If the MACC’s vetting of candidates is the prime minister’s way of appeasing the people into believing that BN plays by the rule, he again is mistaken.
For the over five decades that BN has been ruling the country, the image both the party and administration has acquired is nothing to be proud of.
The millions in corruption attributed to Najib aside, his current serving ministers too have not failed to malign their respective reputations by accepting kickbacks in more ways than one.
Indeed if Najib is serious about tackling graft within BN, he should have take corrupt politicians like Sarawak’s chief minister Taib Mahmud to task.
A BN scam
It is obvious that Najib’s candidate-vetting idea is a scam out to trick the rakyat into trusting BN.
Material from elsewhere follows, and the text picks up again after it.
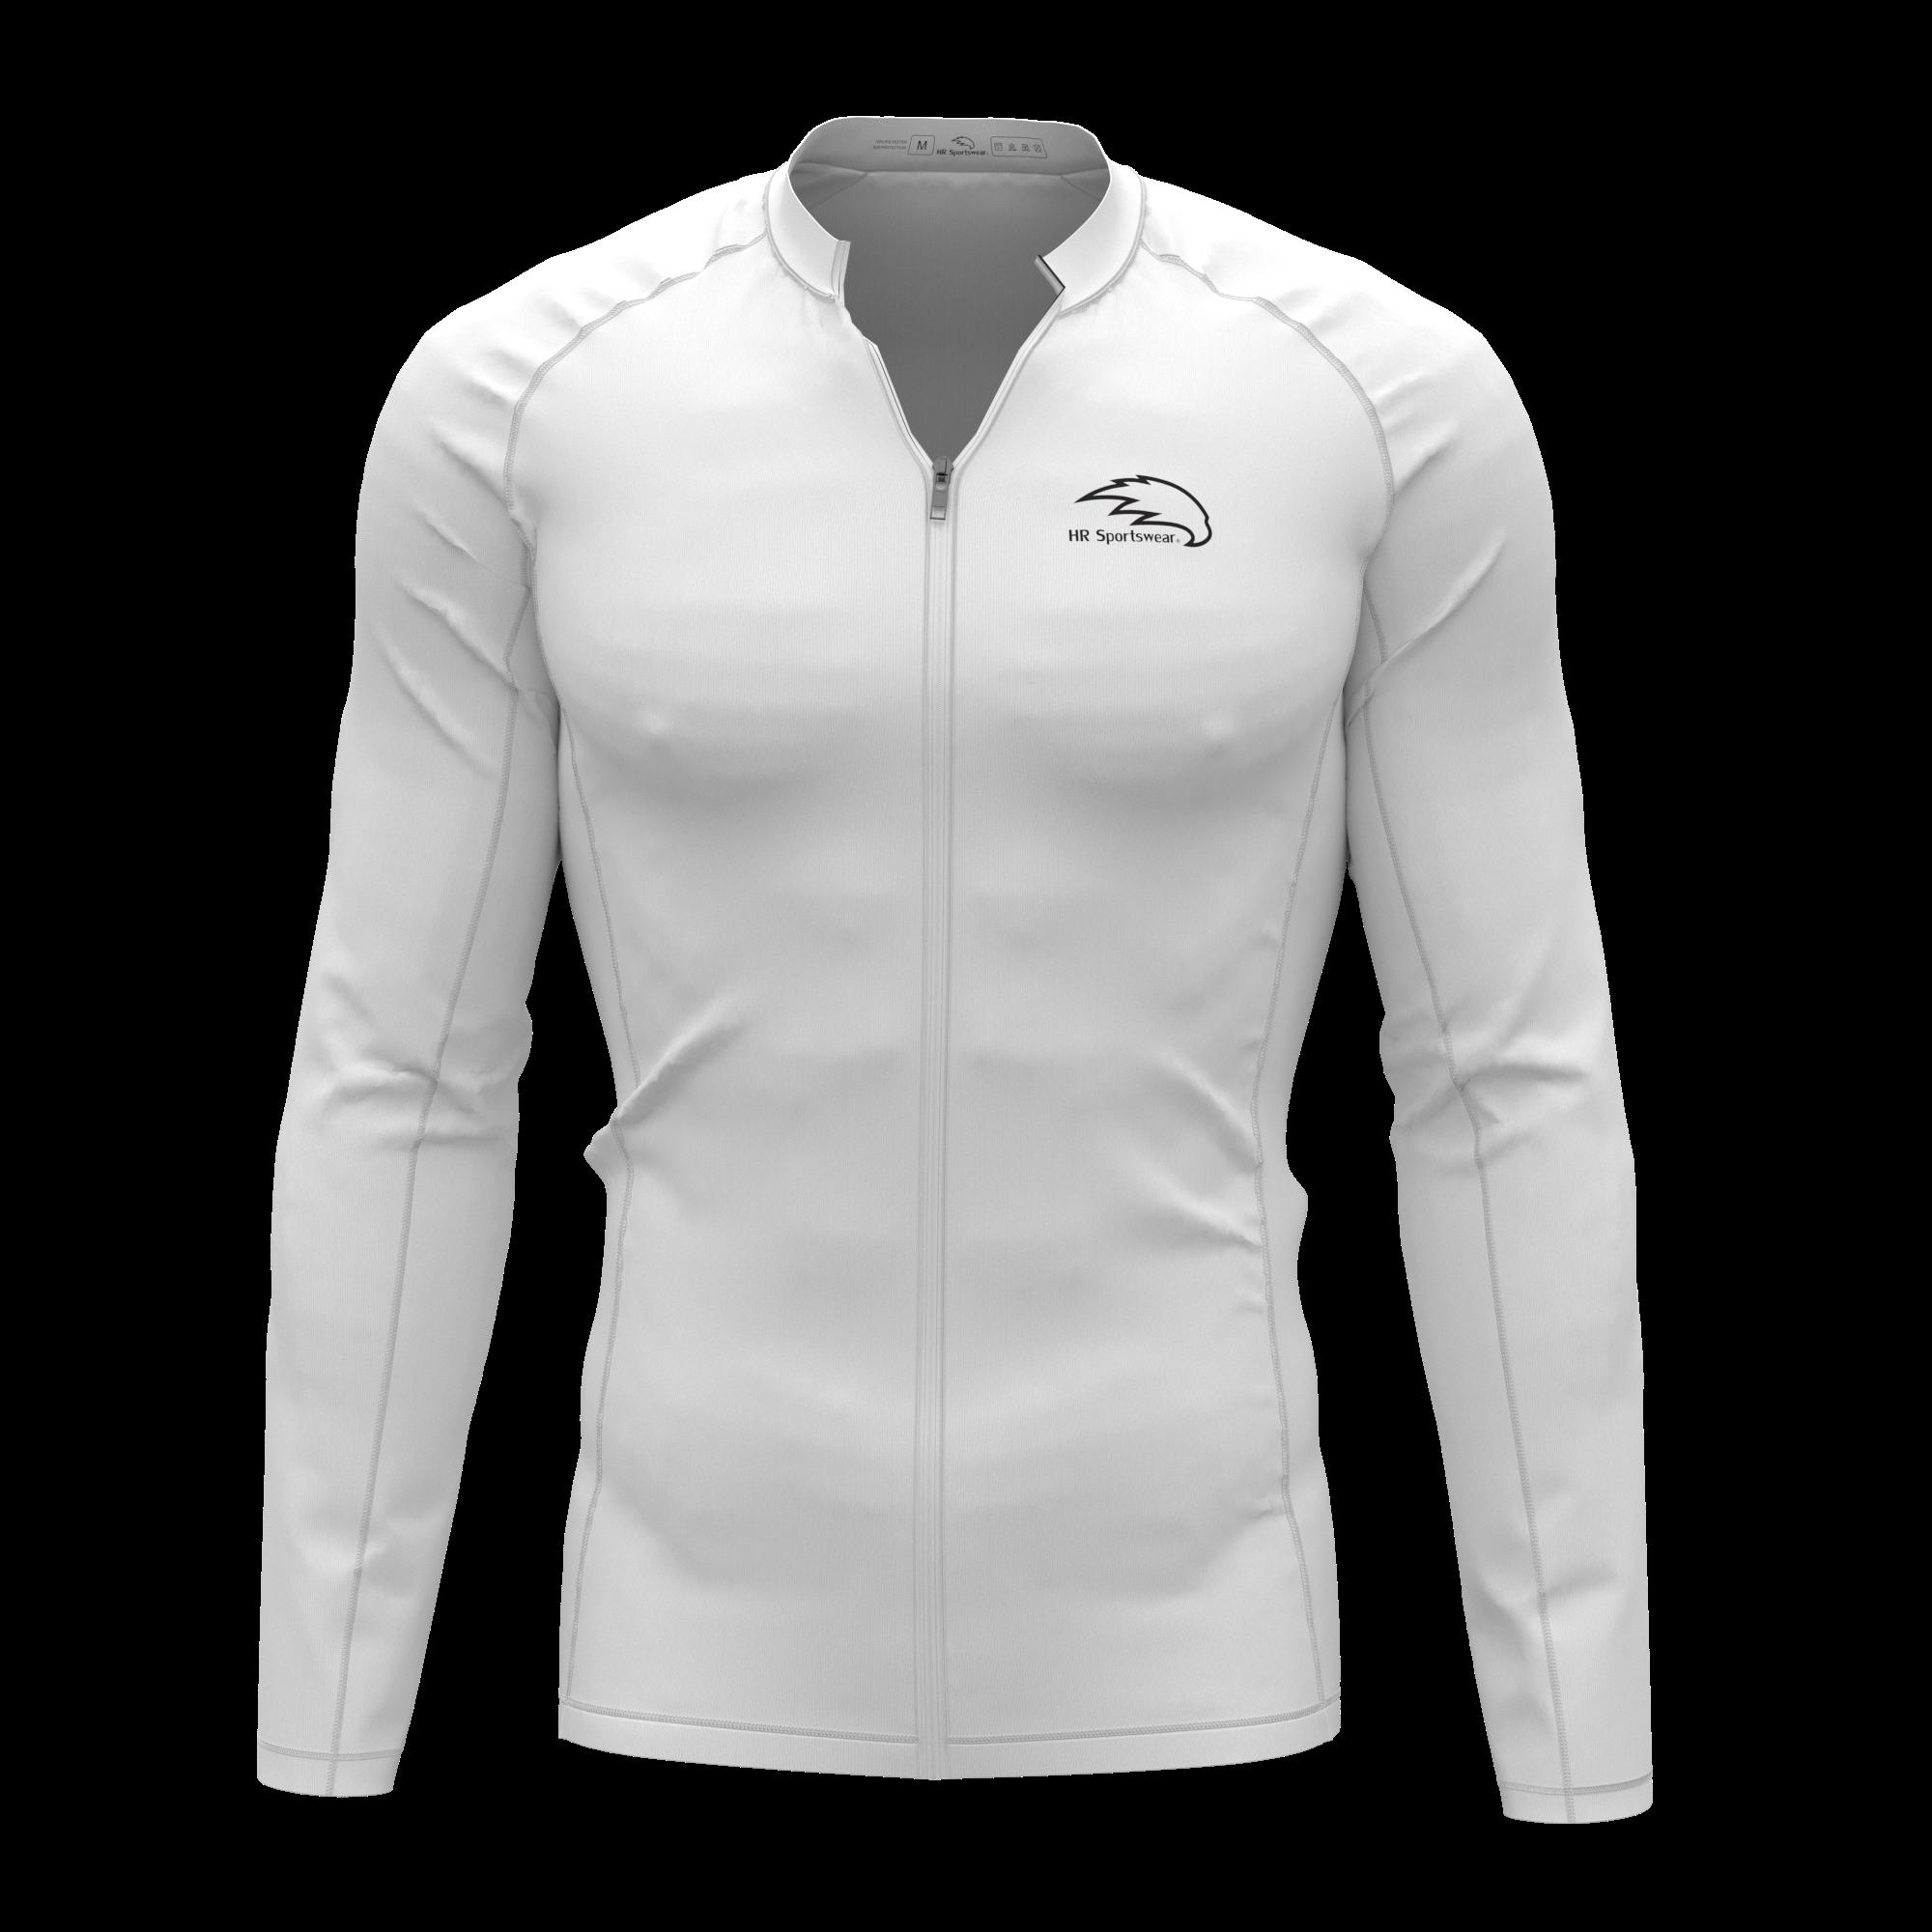 556486b9e Long Sleeve Thermal Elite – HR Sports Wear
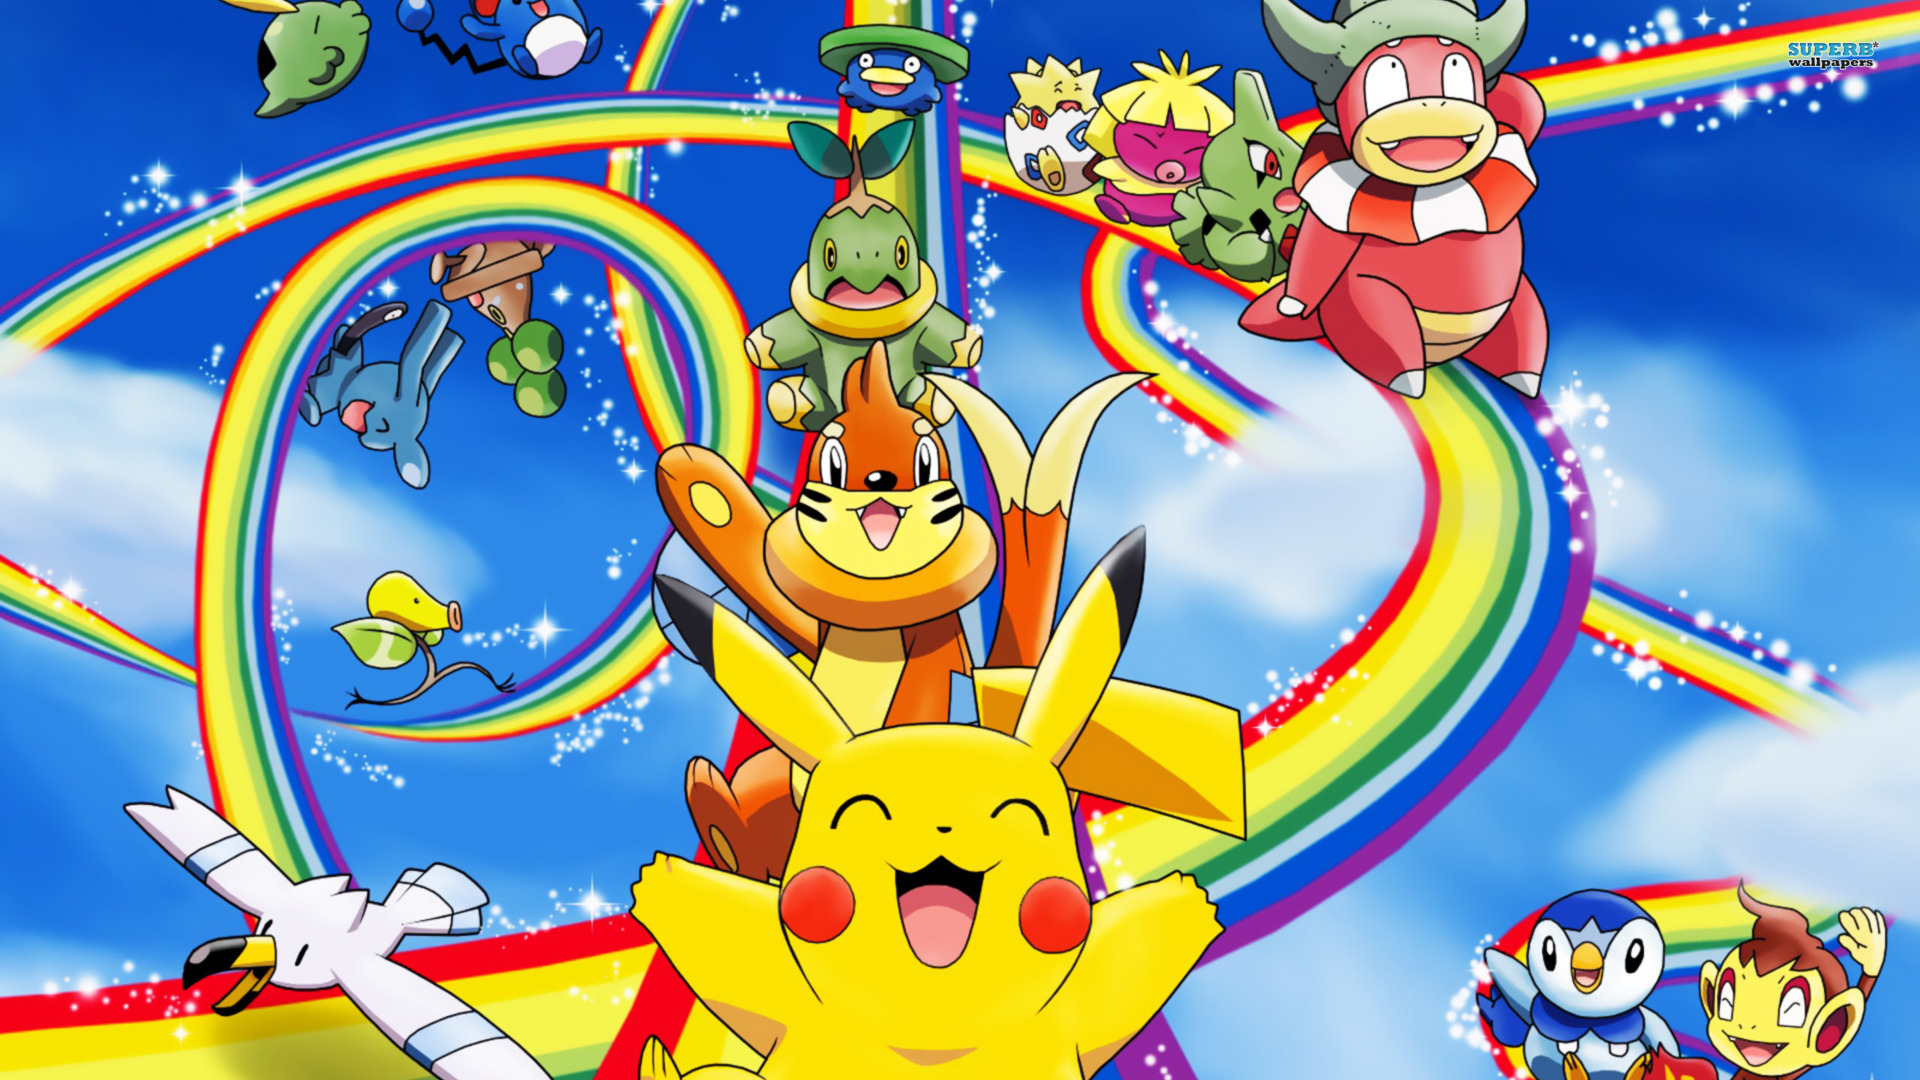 Pokemon Wallpaper , HD Wallpaper & Backgrounds

Had it not been a sham, the premier’s battle against corruption would have been consistent which is not so with Najib.
He was tongue-tied when Shahrizat Abdul Jalil was implicated in the embezzlement of the RM250 million government loan meant for the cattle rearing project.
Likewise, he was ‘at loss for words’ when his aide and that of deputy PM Muhyiddin Yassin’s were ‘bought’ over by a businessman to get contracts from the BN government and its agencies.
Then there was deputy finance minister, Awang Adek Hussin, who had been receiving ‘contributions’ which he claimed were for the people of Bachok where he is the Umno division chief – the problem was that the funds were being channelled into Awang’s private account.
Najib is also indifferent as to how a burger-seller-turned politician could so quickly save up to buy a Rolls Royce, as was the case with Zamil Ibrahim, the former Kita Kedah chief.
Is the premier cool about this because Zamil is BN’s de facto ‘broker’ indulging in MP-buying activities to ensure the party wins the 13th general election?
Let us not forget timber tycoon Michael Chia’s RM40 million ‘contribution’ to Sabah Umno or the fact that Najib squandered US$26,000 for a banquet to celebrate his 58th birthday last year or that he dabbled in ‘dealings’ with carpet seller Deepak Jaikishan.
The list can go on. The point is, instead of bluffing the rakyat time and again, the prime minister should have cleaned up his act and made the effort to weed out the existing corrupted politicians.
But then why would Najib bother when he is part of the gang i.e. one of the bad boys?
Jeswan Kaur is a freelance writer and a FMT columnist.